Polyadenylated rna, actin mrna, and myosin heavy chain mrna in
young and old human skeletal muscle.
Welle, Stephen, Kirti Bhatt, and Charles Thornton.
Departments of Medicine, Neurology, and Physiology, University of
Rochester
APStracts 2:0187E, 1995.
The myofibrillar protein synthesis rate in old human skeletal muscle
is slower than that in young adult muscle. To examine whether this
difference in protein synthesis rate is explained by reduced
availability of the mRNAs that encode the most abundant myofibrillar
proteins, we determined relative hybridization signals from probes
for actin mRNA, myosin heavy chain mRNA, and total polyadenylated RNA
in vastus lateralis muscle biopsies taken from young (22-31 years
old) and old (61-74 years old) human subjects. The mean fractional
rate of myofibrillar synthesis was 38% slower in the older muscles,
as determined by incorporation of a stable isotope tracer. Total
actin and myosin heavy chain mRNAs, and polyadenylated RNA, were
determined using slot blot assays. Isoform-specific determinations of
[alpha]-actin mRNA, type I myosin heavy chain mRNA, and type IIa
myosin heavy chain mRNA were done with ribonuclease protection
assays. Hybridization signals were expressed relative to tissue DNA
content. There was no difference between age groups in total
polyadenylated RNA, or in any of the specific mRNAs.
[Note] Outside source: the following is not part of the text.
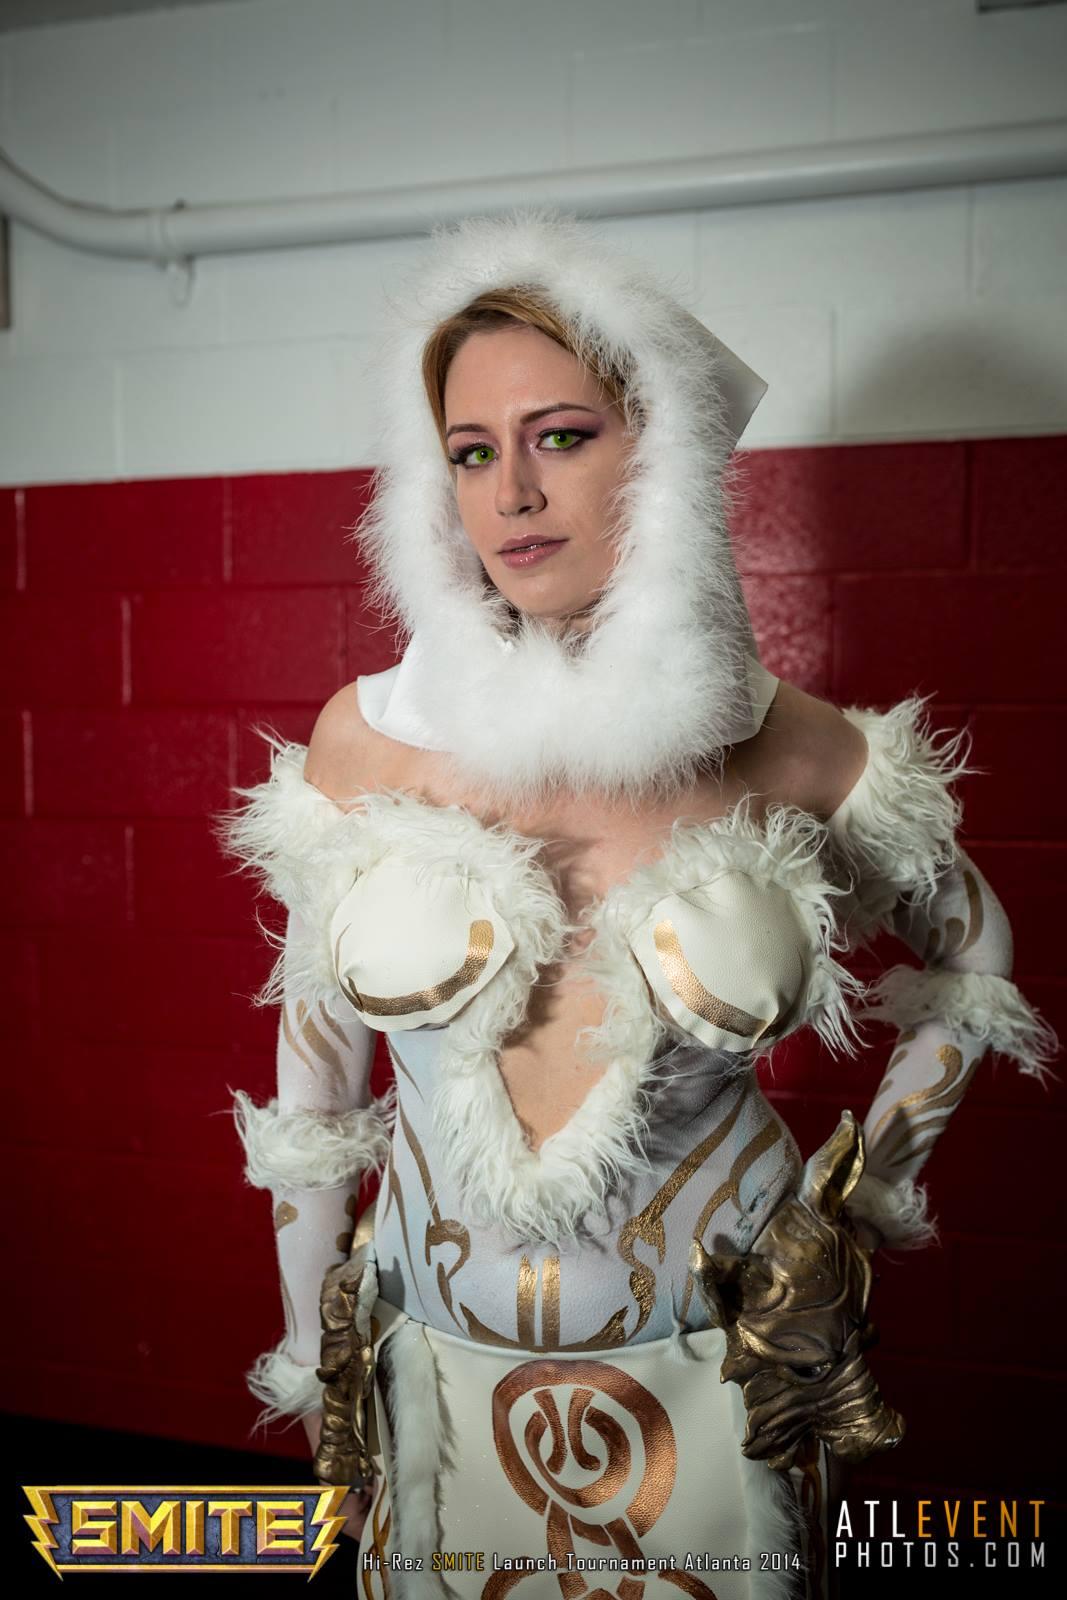 Ngắm cosplay tại SMITE Launch Tournament - Ảnh 109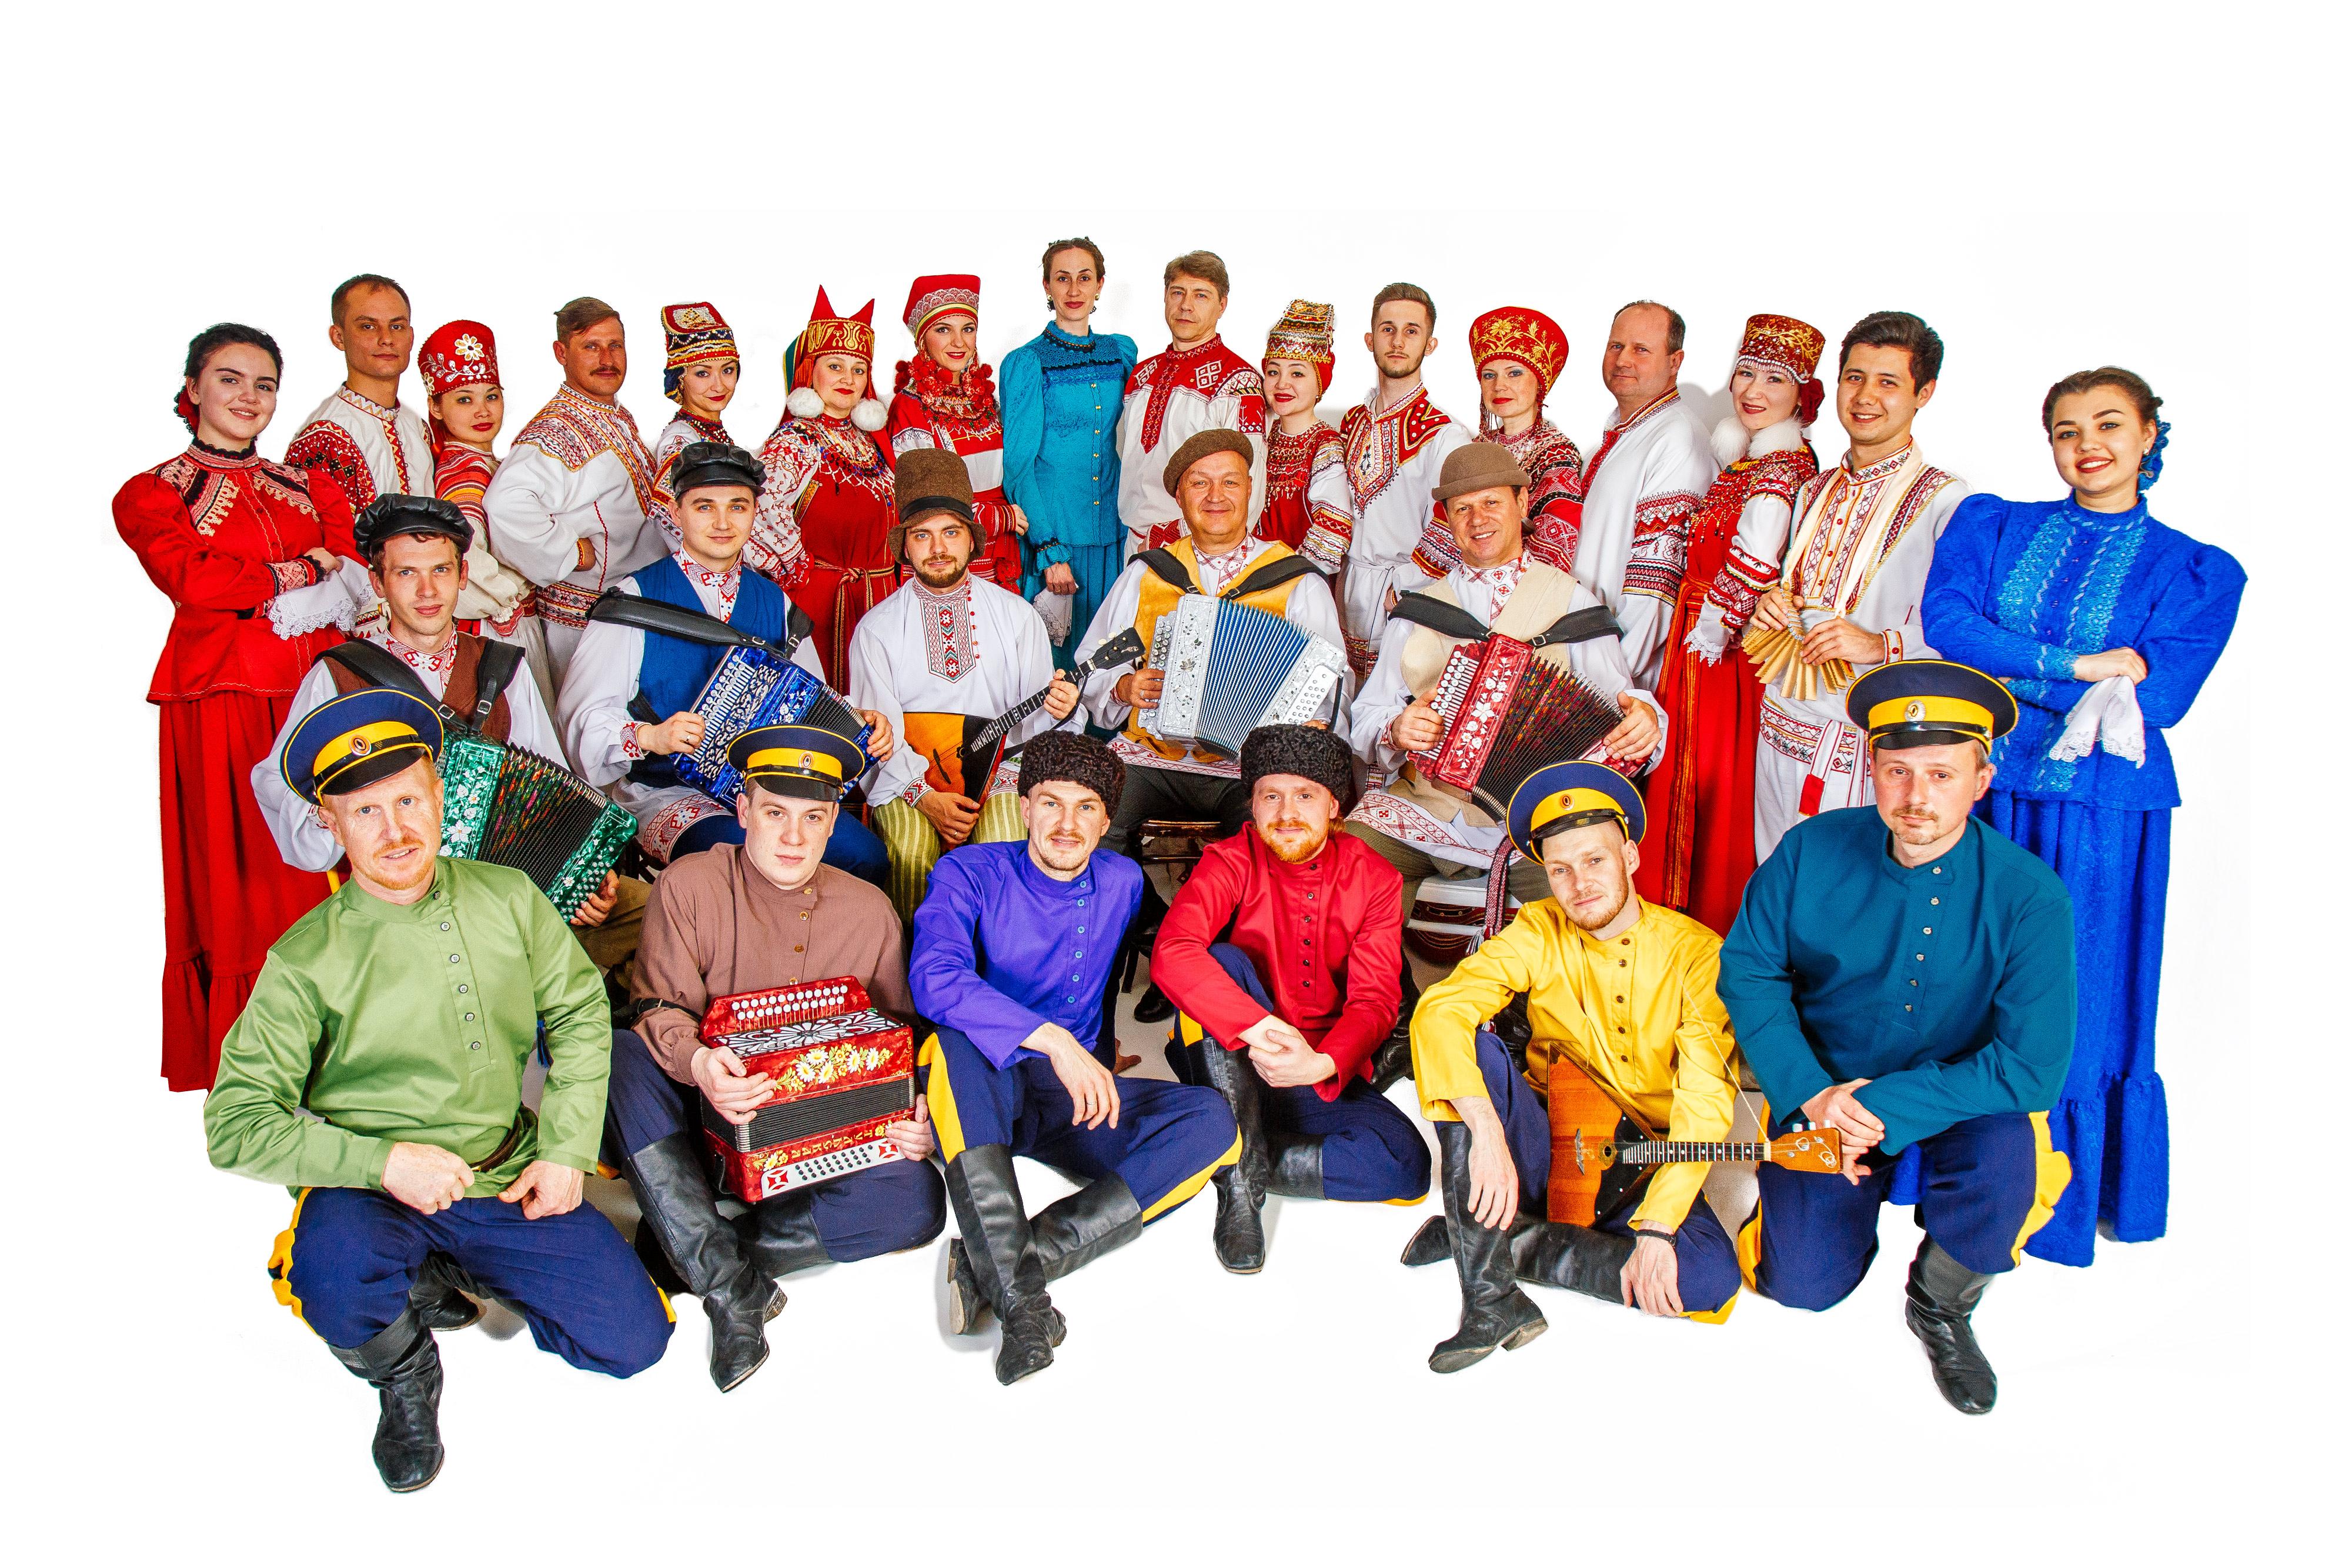 Артисты областного центра народной культуры получили консультацию врача-фониатора

We conclude that
the slower myofibrillar synthesis rate in older muscle is not caused
by reduced mRNA availability.
Received 5 July 1995; accepted in final form 24 August 1995.
APS Manuscript Number E309-5.
Article publication pending Am. J. Physiol. (Endocrinol. Metab.).
ISSN 1080-4757 Copyright 1995 The American Physiological Society.
Published in APStracts on 23 September 1995.